Как все мужчины, Костя плохо переносил боль, причиняемую хоть сколько-нибудь справедливыми замечаниями, и, воспользовавшись форой – Клавины глаза не буровили его, раз она стояла к нему спиной – он по касательной перешел в оборонительное наступление:
– Что за речь! По содержанию можешь что угодно говорить, но зачем эта грубость! Думаешь, домашняя небрежность не сказывается в твоей внешней жизни?! Замызганный фланелевый халат – меньшее плебейство, чем фраза неряшливая.
Утренняя полемическая разминка, для постороннего взгляда похожая на открытый бой, не была опасна для семейных уз, ведь Клава инстинктивно выплескивала, а не копила питающую ссоры, размолвки, разводы раздражительность повседневную, побуждая к тому же и Костю. (Но не копить мелкие досады – это еще полдела. Помудрев, она стала соображать, отчего становится неудобно, неуютно, неприятно, причину искать. Обида и негодование этому пониманию только помеха.)
– Прав, прав, прав! – Она на секунду повернула виноватое лицо к мужу и быстренько начала готовить тесто для примиряющего печенья (которое совсем недавно увкуснила, изменив с вологодским маслом традиционному маргарину и нарушив унаследованный от матери режим экономии).
Но оба (поровну грешны) не удосужились вспомнить, что первым их добровольным взносом в начинавшуюся дружбу с Макаром и Варей была именно откровенность, и не анкетно-поверхностная, а глубинная – такая, при которой не столько признаешься, сколько познаешь себя (вот еще для чего нужна дружба). Да, сейчас бы и додумать до конца, почему она оказалась односторонней. (Раз уж надрезалось, то посмотрите внимательно, что там внутри, не отводите взгляд!) Но нет, как можно препарировать поступки близкого друга… Так вериги благородства делают слепыми даже и умных людей.
Вчуже Клава уважала сдержанность, ценила ее эстетически (не этически, а именно эстетически, как, например, не вдаваясь в детали – от неумения анализировать чаще всего, – на веру называют эталоном «Черный квадрат» или «Поэму экстаза»), сама хотела бы научиться хранить хоть что-нибудь втайне, но еще с детских лет чем больше мама предупреждала: «Этого никому не рассказывай», тем чаще застигала она себя за выбалтыванием – даже помимо воли – самого сокровенного. Закономерно: действие рождает противодействие.

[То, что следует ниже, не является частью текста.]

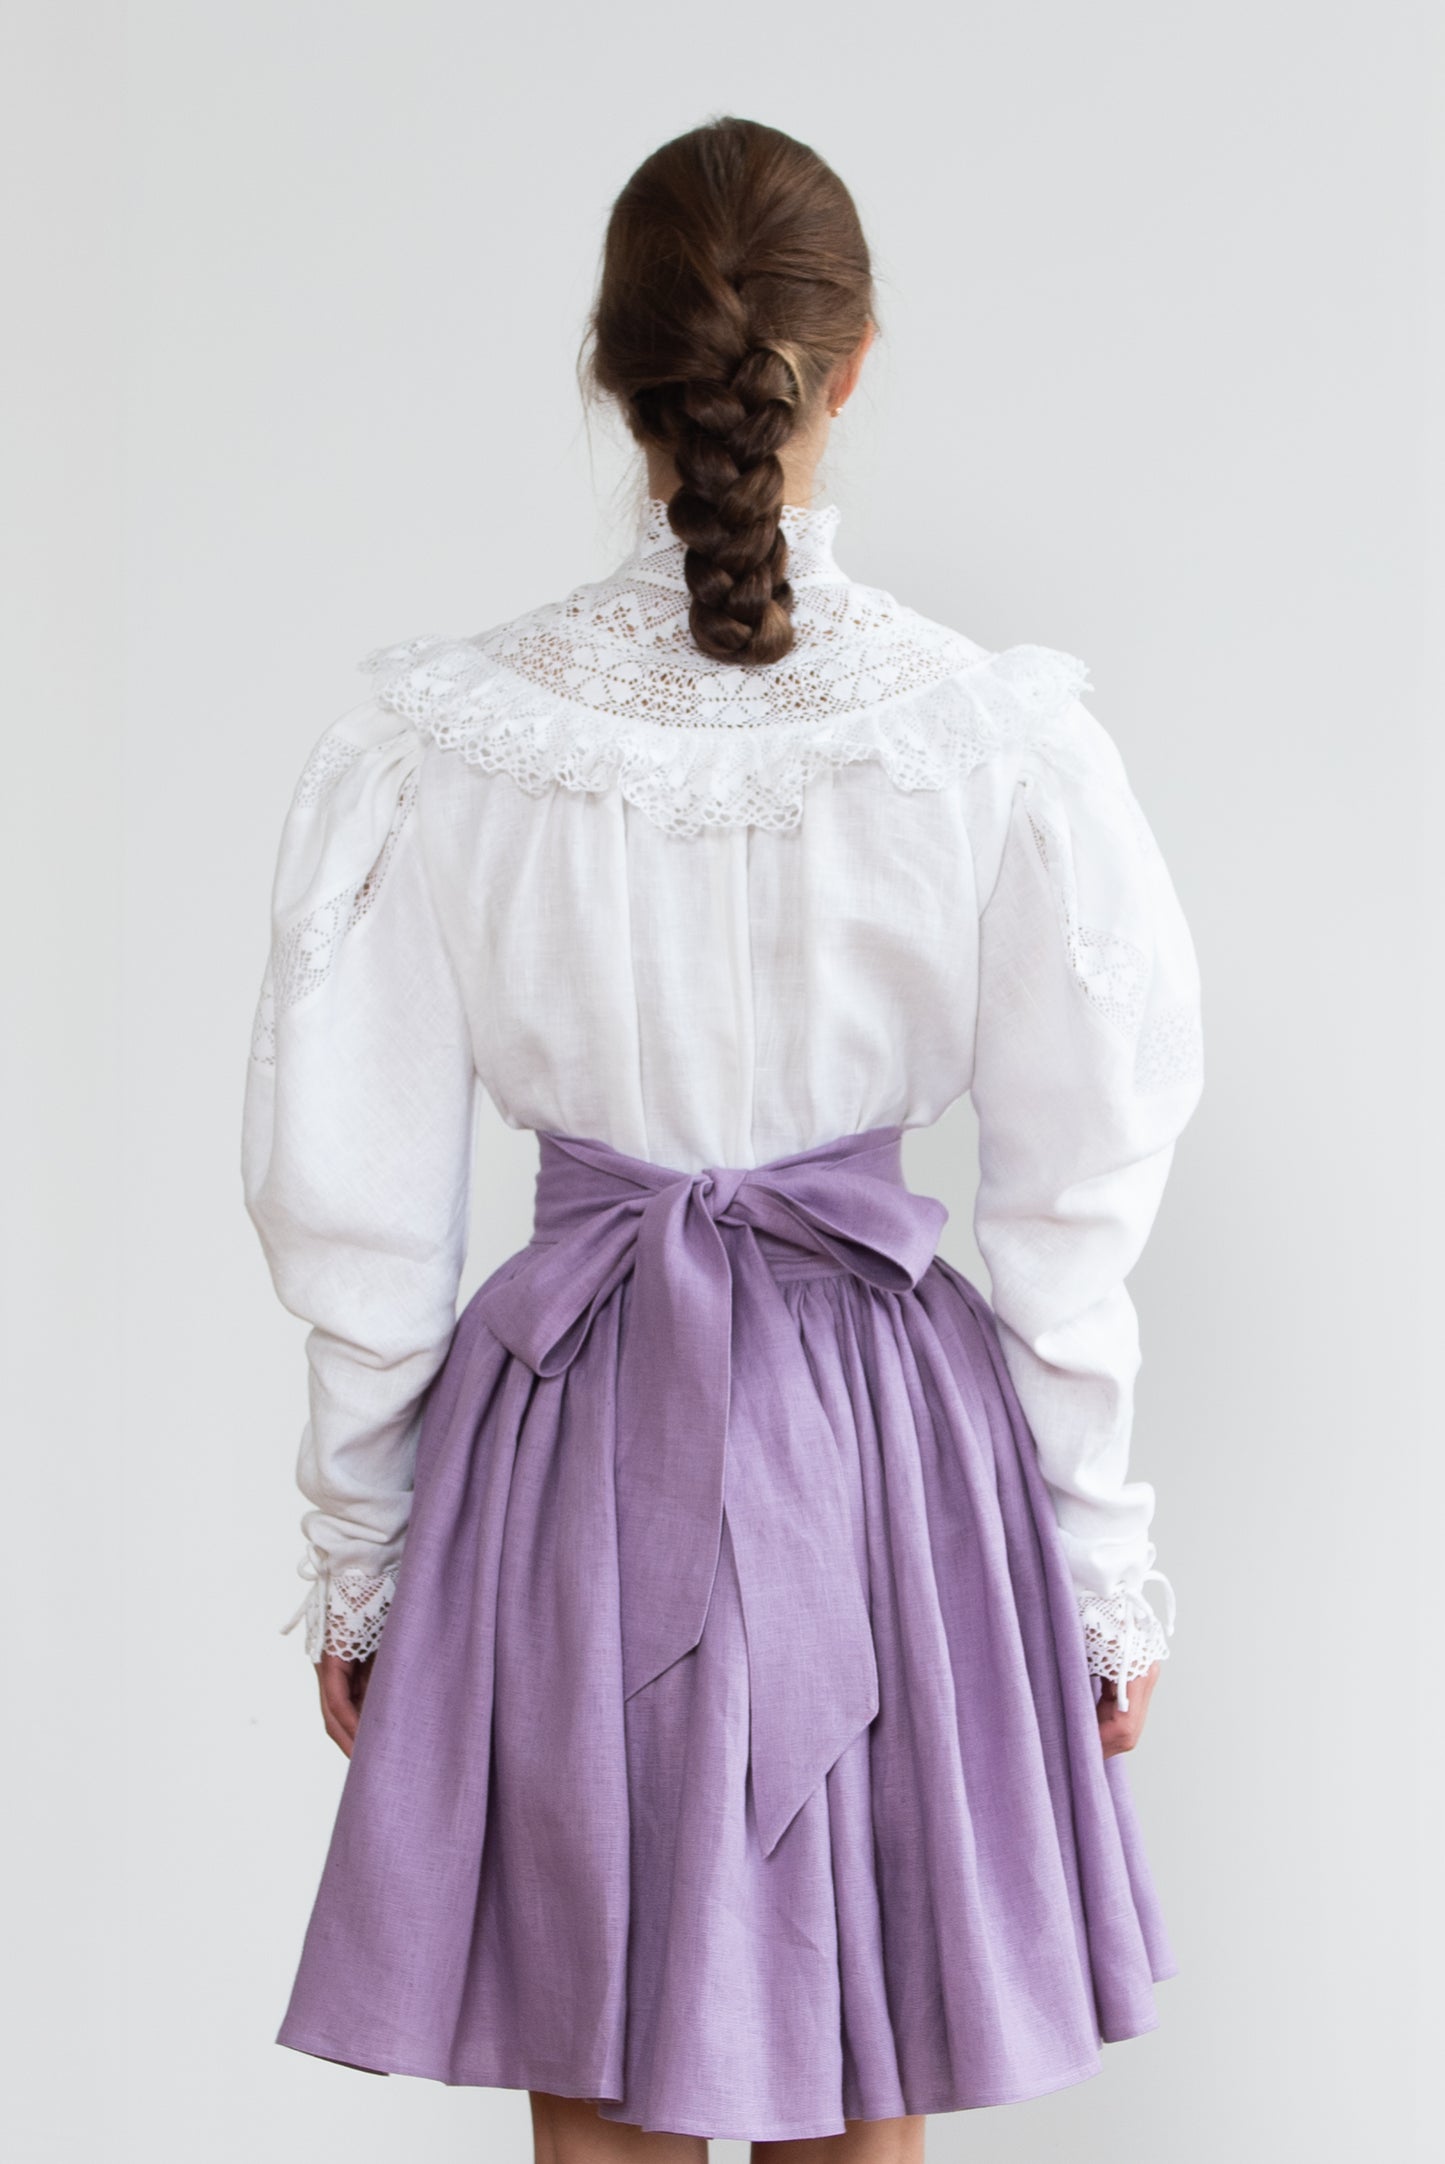 Alice in Wonderland Full Circle Wrap Linen Skirt in Lilac

Конечно, безответственная распахнутость могла бы нанести Клаве много, очень много вреда. Репутация блаженненькой у доброжелателей и круглой идиотки у тех, кому жаль своей энергии на приязнь к людям, могла прильнуть к ней слишком уж плотно, стать не одеждой, но кожей, и она сама начала бы думать о себе как о странной, ненормальной, не повстречайся ей Костя, увидевший в простосердечной открытости неординарность, талант своего рода. Он принял на себя все Клавино излучение, и миру доставались лишь спорадические вспышки наивности, которые могли причинить, да и причиняли ей ущерб, но уже не роковой.
Был момент, когда она начала отличать неприятную ей скрытность, граничащую с хитростью и обманом, от благородной сдержанности (коей учит простое внимание к собеседнику – самый сложно приобретаемый навык: нужно ведь раз за разом влезать в шкуру другого и честно фиксировать, например, все уколы ревности, зависти, боль от которых по себе знаешь… и тебя самого чувствительно ранит, когда вдруг узнаешь, что… стыдно даже начинать этот перечень болей, бед и обид). Но только-только раскусила она прелесть сдержанности и начала примерять ее к себе для ежедневного ношения, как вдруг…
Именно мама, апологет скрытности, обронила пару слов, отбросивших Клаву назад, к наивной откровенности. (Не знаю, как у мужчин, но женщине, чтобы надежно скрыть что-нибудь от других, не проговориться ненароком, нужно сначала себя убедить, что у тебя этого – нет, то есть прежде всего себя надо лишить того, что от людей скрываешь… Если прибедняешься, то от денег удовольствия не получать, если любовь утаиваешь, то от нее только страдания будут…) Ненароком проговорилась Елизавета Петровна или доверилась младшей дочери как аббат Фарио Дантесу – она и сама не знает… Случилось это несколько лет назад, в день шестилетия ее вдовства. (В прошлое опять, подальше в прошлое… Куда угодно сбежишь, если в настоящем так нестерпимо. Лучше в прошлое, чем под поезд, к платформе Преображенки подползающий…)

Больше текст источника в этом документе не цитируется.